1998 book by Roger E. Moore

Greyhawk: The Adventure Begins is a 1998 sourcebook for the World of Greyhawk campaign setting for the Dungeons & Dragons roleplaying game. The 128 page book was written by Roger E. Moore and published by Wizards of the Coast under the TSR imprint it had recently acquired.

==Contents==
The Adventure Begins is a supplement which provides an overview of the world of Oerth, with updates on the world's history, notable events on the calendar, and descriptions of the cultural and geographical divisions found in the area.
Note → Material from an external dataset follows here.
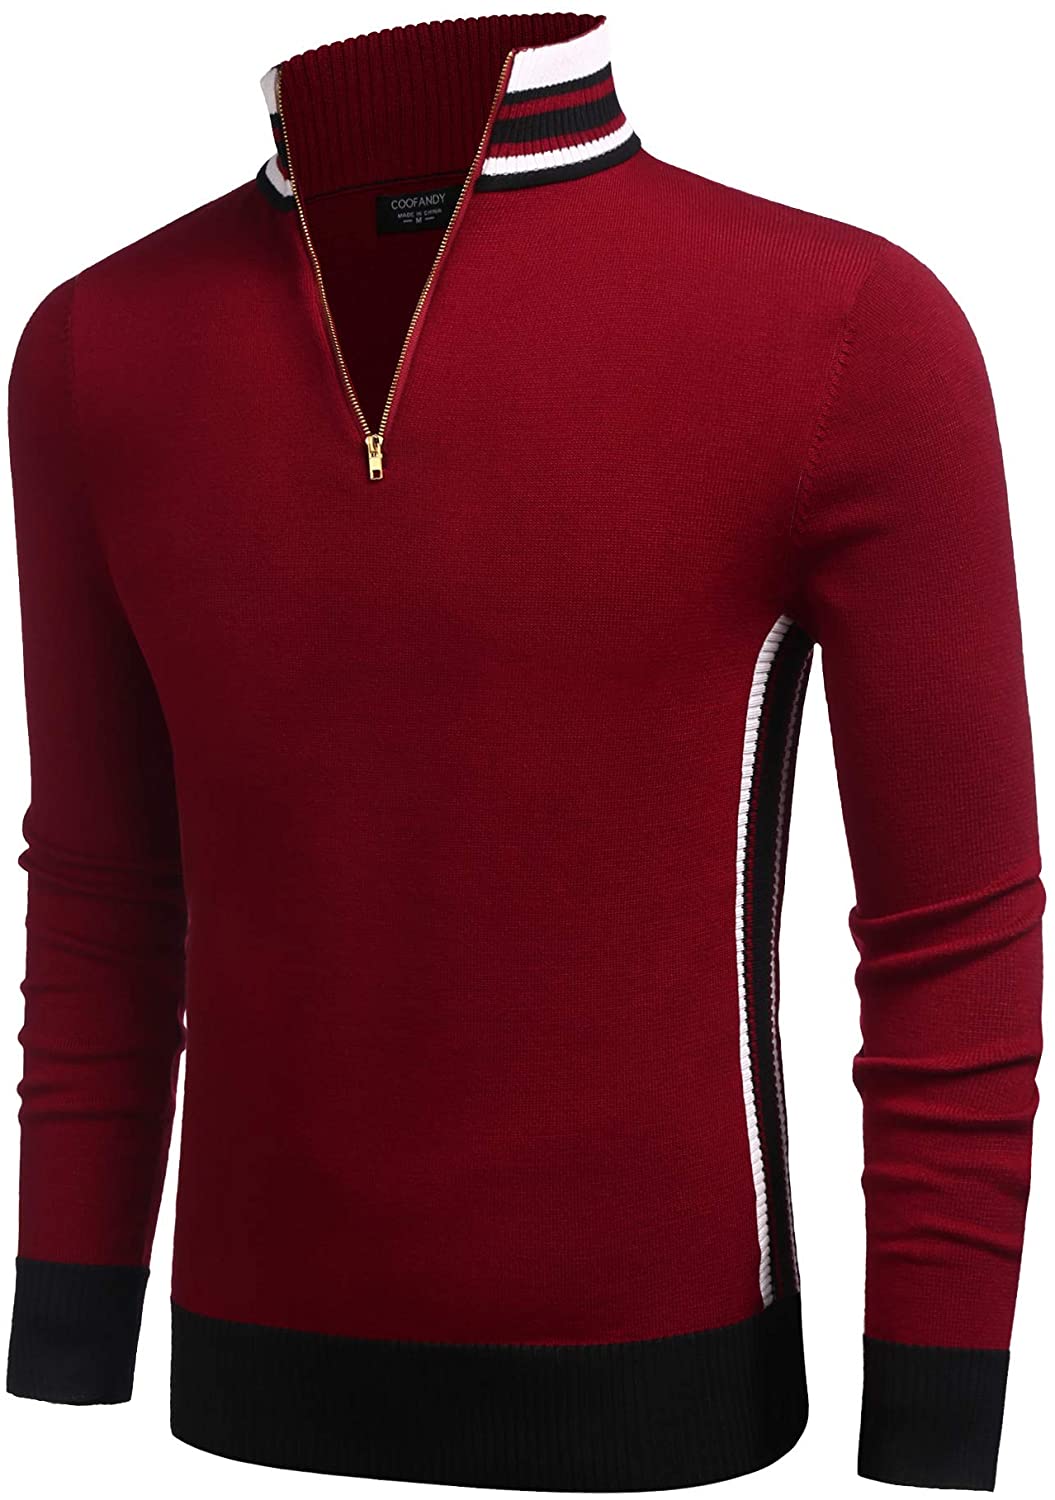 Men's Slim Fit Red Quarter Zip Pullover Polo Sweater

The book provides detailed information on the City of Greyhawk, the largest and most populous city of Oerth, including specifics on items such as its ruling council and criminal codes, and descriptions of important locations and characters of the city.

==Publication history==
The Adventure Begins was published in July 1998. The book was intended to provide a bridge between previous Greyhawk products, and the relaunch of the new product line. The book updates material from the earlier From the Ashes.

The book was the first in a series of publications designed to re-launch the Greyhawk campaign setting, followed by other sourcebooks and adventure modules set in Greyhawk such as Return to the Temple of Elemental Evil and Return to the Tomb of Horrors.

==Reception==
James MacDuff reviewed The Adventure Begins in 1998, in Shadis #50. Comparing it to the first release for the relaunch, Return of the Eight, MacDuff found this book contained more solid material about the setting. He found that the book offered little new information about Greyhawk City, and much of the material reiterates information from the old City of Greyhawk boxed set: "Anyone who owns CoG will likely feel cheated by the rehashed material, and while the timeline updates are welcome, they don't justify the overall cost of the product." MacDuff felt that older players would be likely to purchase the book just to keep up with the changes, but that new players would fare better as they would avoid the frustration of hunting down out of print material because the new book is both concise and complete. He noted that the thoroughness with which Roger E. Moore covers Oerth makes for a fast start to a Greyhawk campaign, making The Adventure Begins indispensable. MacDuff concluded the review by saying, "As an outline of the world and a way to quickly start things, it gets the information aspiring GMs need. If Return of the Eight caters solely to old players, this one more than makes up for the difference."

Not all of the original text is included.